Figure 4 shows the spatial distribution of the current vectors was simulated from NN. This means that during the training phase the net successes in establishing an appropriate mapping that, starting from the set of the computed features, allows to identify the image intensity gradient along the image. This is because the step forward in implementation of the neural net performance consists in the analysis of the gradient intensity of the image backscatter along the selected area.


Figure 4. Spatial Distribution of RADARSAT-1 SAR Neural Network Surface Current

The 3-D maximum current velocity simulated from the CHH band is 0.8 m/s with the northerly current flow along the range direction (Figure 5). This is because that March represents the northeast monsoon period as the coastal water currents in the South China Sea tend to move from the north direction (Maged 1994). The range travelling current is due to the strong non-linearity due to the smaller value of R/V which is 110 s.

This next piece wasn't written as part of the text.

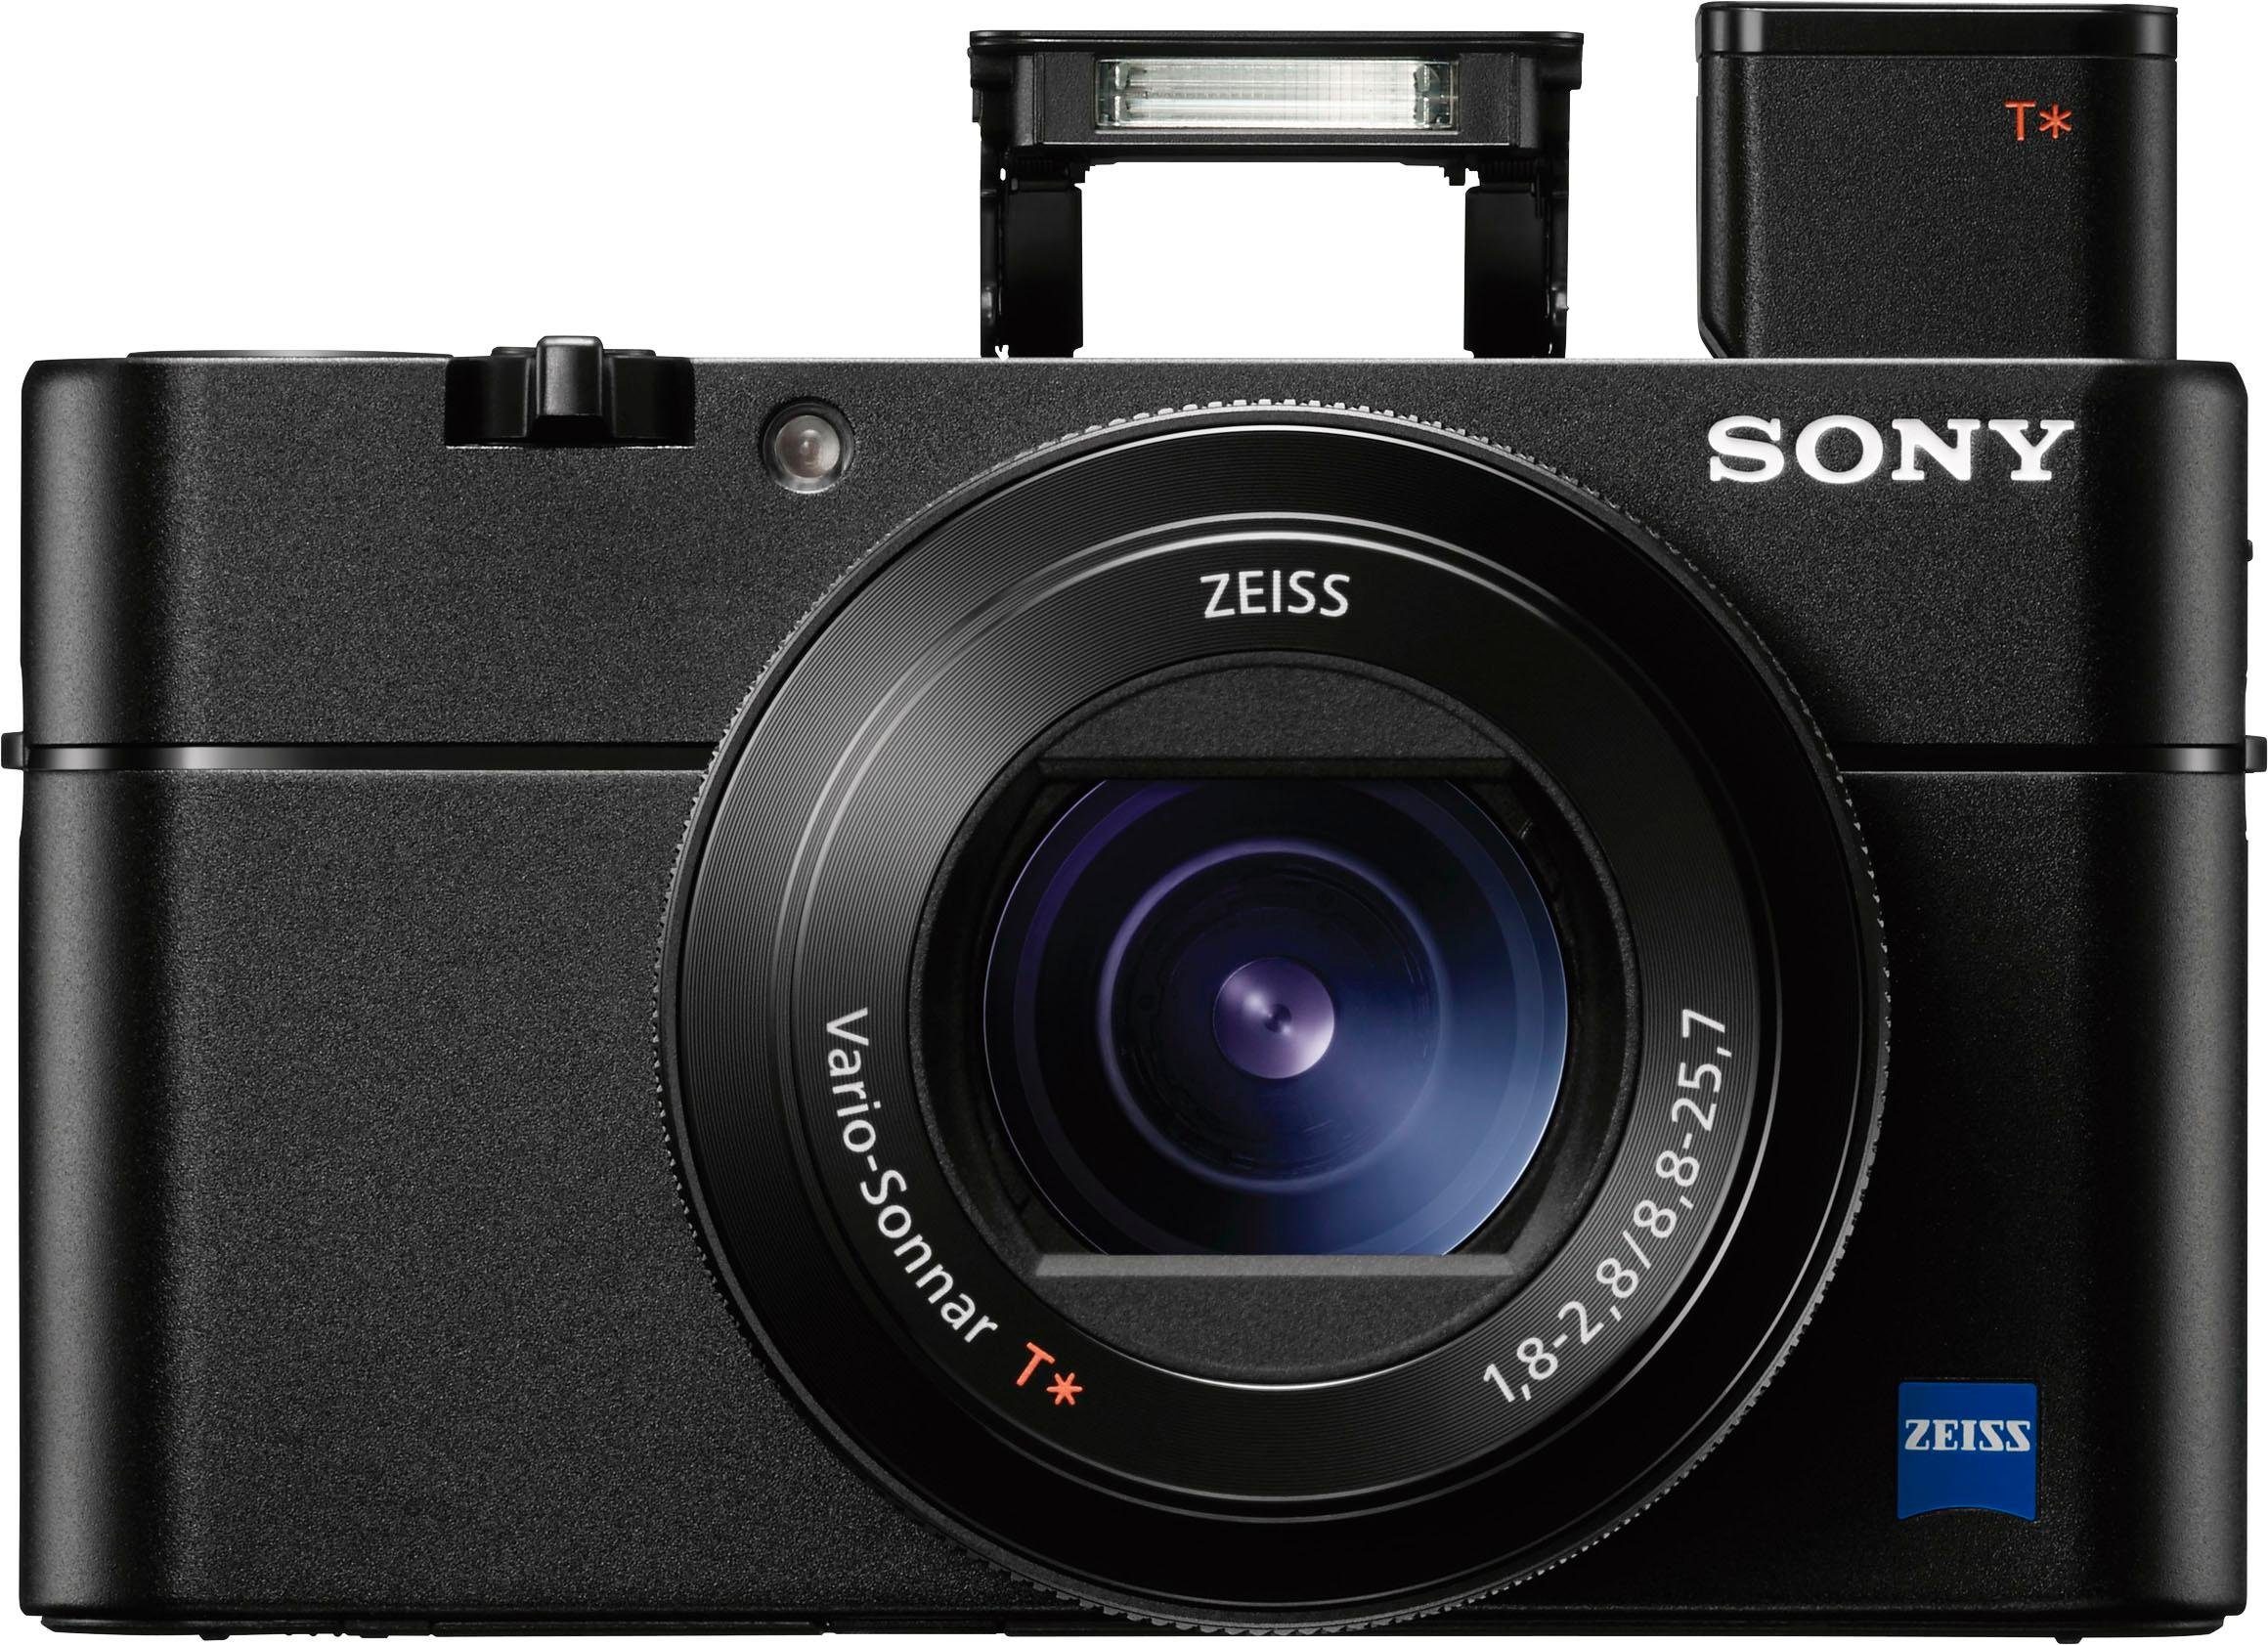 Sony Cybershot DSC-RX100 V(A) compact camera

Figure 5. 3-D Current Pattern Movements from Neural Network Model

Conclusion
In this study neural network model for RADARSAT-1 surface current simulation has been demonstrated. The ANNs can be used to extract the current vector movements included in their weights and also the outputs of hidden neurons. It is also possible for this approach to be applied to other RADARSAT-1 SAR data. On the other hand, the modification to the approach to enhance the performance of ANN for RADARSAT-1 SAR surface current model is under the consideration and investigation.

References
  • Cramer,C., 1998. “Neural Networks for Image and Video Compression: A Review,” European Journal of Operational Research, Vol. 108, pp.266-282.
  • Lim,L., Chau,F. and A., Leung,K., 2000. “Compression of Ultraviolet-visible Spectrum with Recurrent Neural Network,” Chemometrics and Intelligent Laboratory Systems, 2000, Vol. 52, pp.135-143.
  • Iwata,A., Nagasaka,Y., and Suzumura, N., 1989. “A Digital Holter Monitoring System with Dual 3 Layers Neural Networks,” Proceeding of IEEE International Joint Conf. on Neural Network, pp. II-69– II-74.
  • Maged M, Coastal Water Circulation off Kuala Terengganu, Malaysia”. MSc. Thesis Universiti Pertanian Malaysia. 1994
  • Michael D. Vachon,P.W., Dobson, F.W., and Oslen, R.B., 2001. “Ocean wave Extraction from RADARSAT Synthetic Aperture Radar Inter-Look Image Cross-Spectra. Transactions on Geoscienceand Remote Sensing,39 (1)21-37.